Antimicrobial peptides can be found in almost all species of plants, invertebrates and vertebrates. Most of the already identified antimicrobial peptides feature less than 100 amino acid residues as well as a myriad of common features, the most notable ones being hydrophobicity, amphipathic structure, and cationicity. The peptides can be found inducibly or constitutively in a variety of tissue and organs that witness constant exposure to microbial pathogens like the cells in the epithelial tissues of the skin, the respiratory tracts, and the gastrointestinal lining. Antimicrobial peptides display a wide range of antimicrobial activities against fungi, bacteria, viruses and protozoa. Presently, they have been heavily studied and their uses in the treatment of multi-drug resistant pathogens have been well-documented.

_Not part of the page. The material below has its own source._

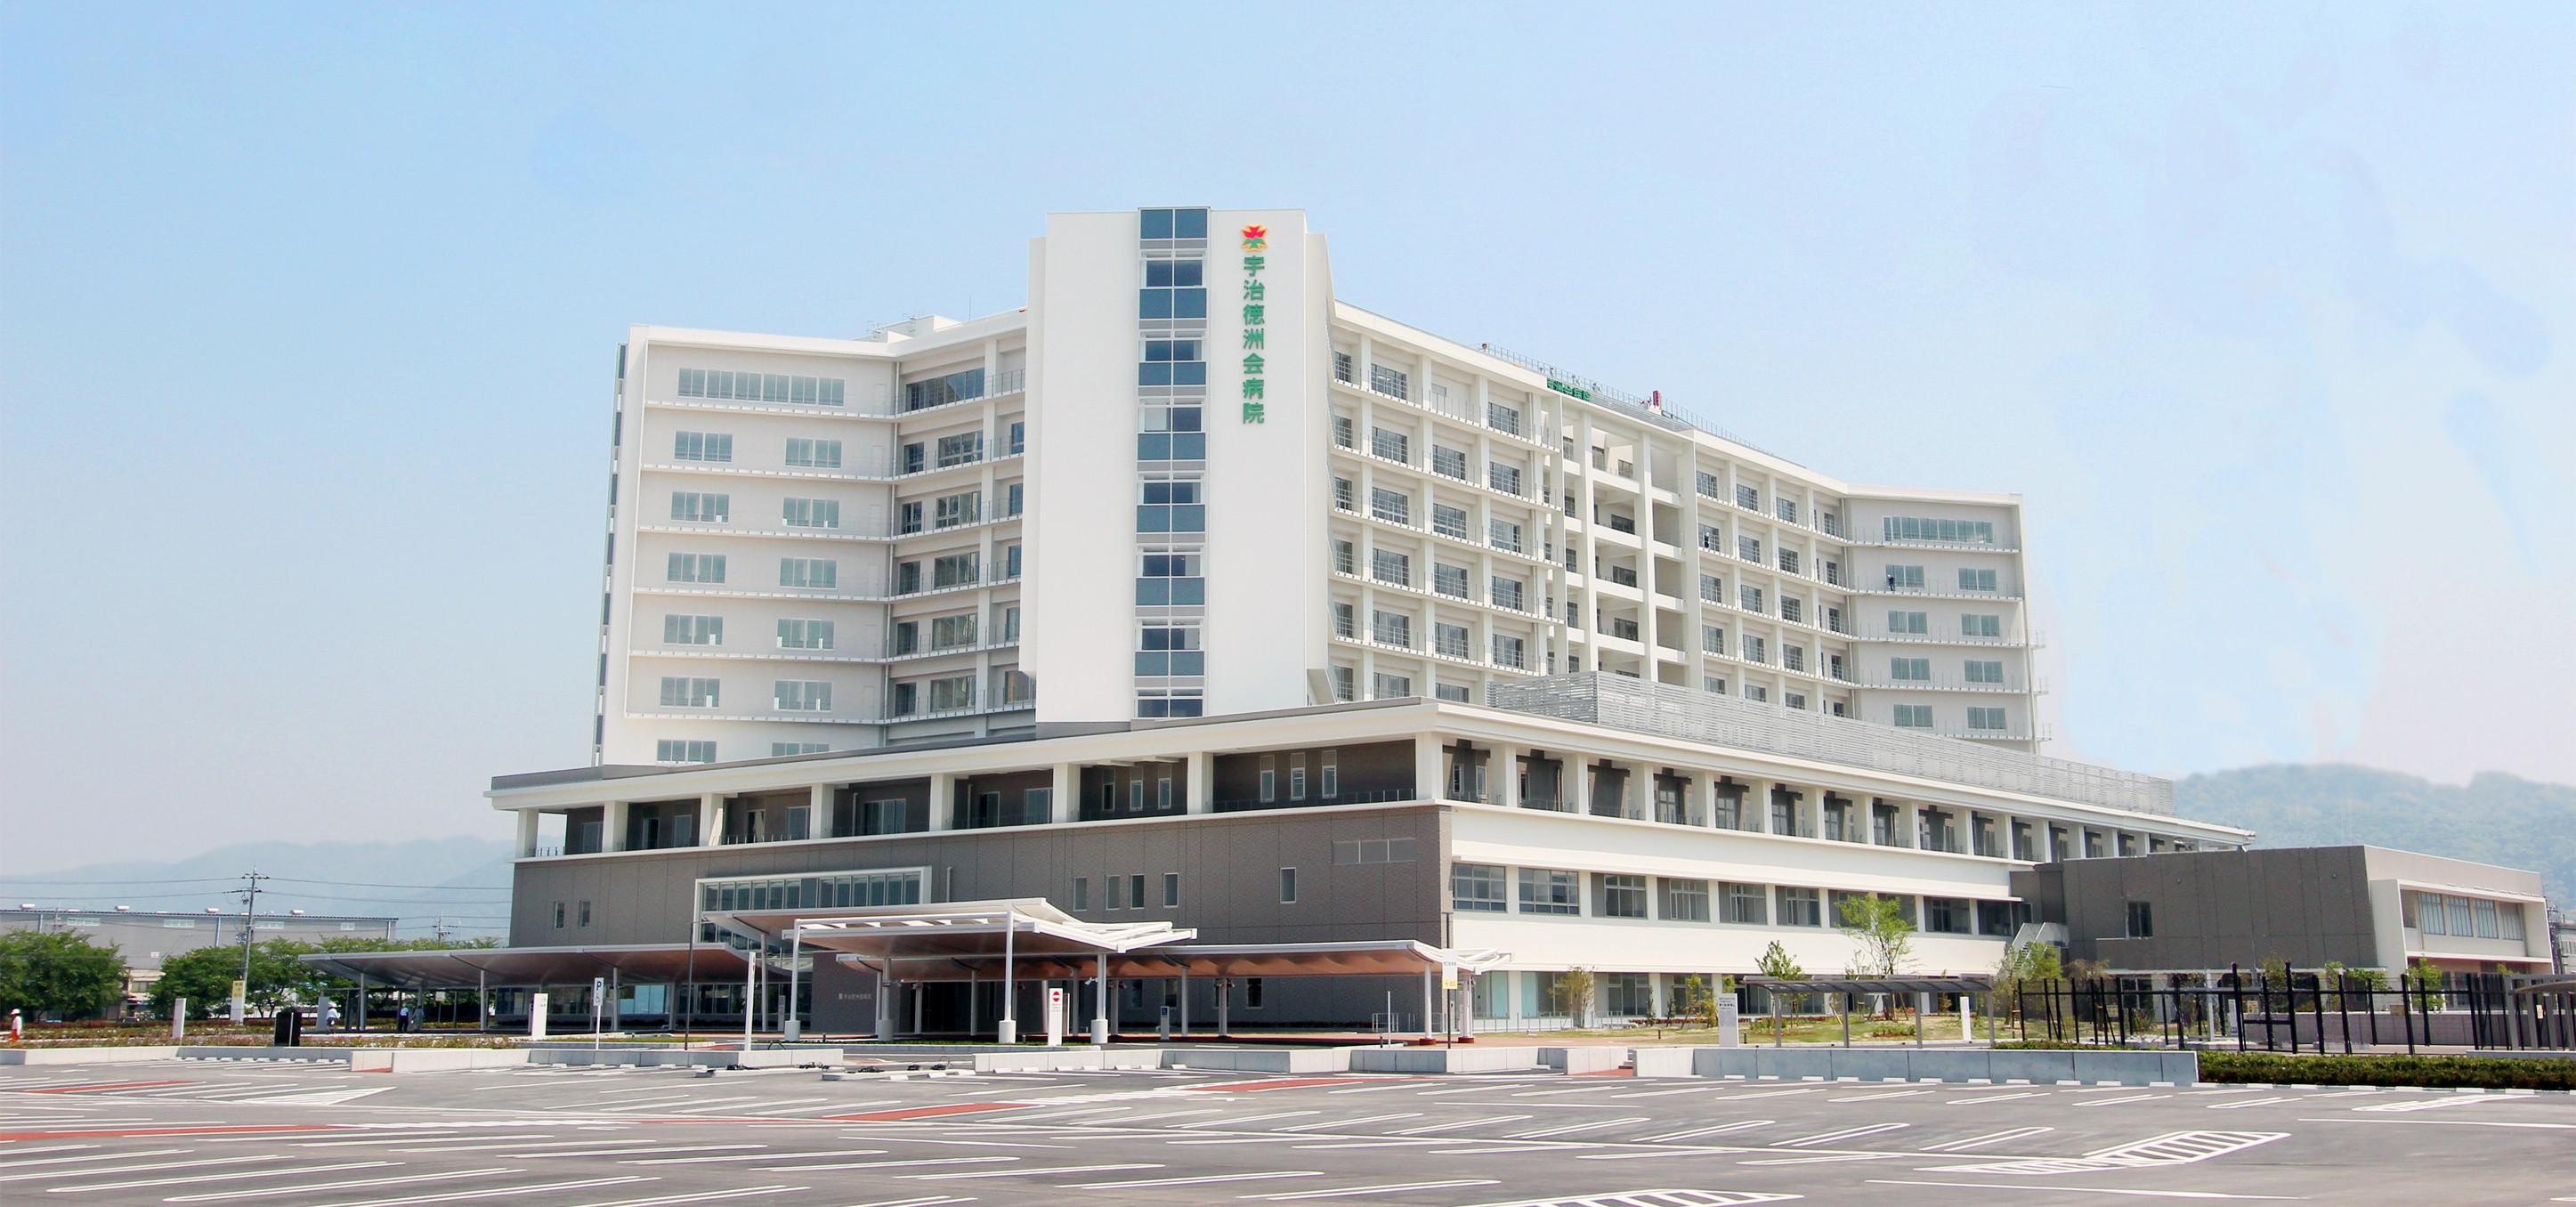 西部 コロナ 高砂 病院 高砂市「高砂西部病院」の職員が新型コロナウイルスに感染

There are two major mechanisms through which the actions of the function of cationic antimicrobial peptides can take: the first mechanism is through the inhibition of the function and the synthesis of intracellular RNA, DNA and protein. The second is through the disruption of the microbial membrane integrity through interacting with the negatively charged components. Apart from their direct antimicrobial activities, antimicrobial peptides are also known to have immunomodulatory properties like chemotactic activities to the immune cells. The duality in the nature of the functions of antimicrobial peptides have made it nearly impossible or difficult for microbes to develop resistance against antimicrobial peptides. There are several research findings that suggests that antimicrobial peptides are also loaded with anticancer activity. In the past, there have been studies focused on peptides that possesses both anticancer and antimicrobial activities. Owing to the characteristics as well as the observed anticancer activities of the studied peptides, it may be possible to select anticancer peptides or that the anticancer peptides could be designed and used in the development of therapeutic agents for the treatment of various types of cancers.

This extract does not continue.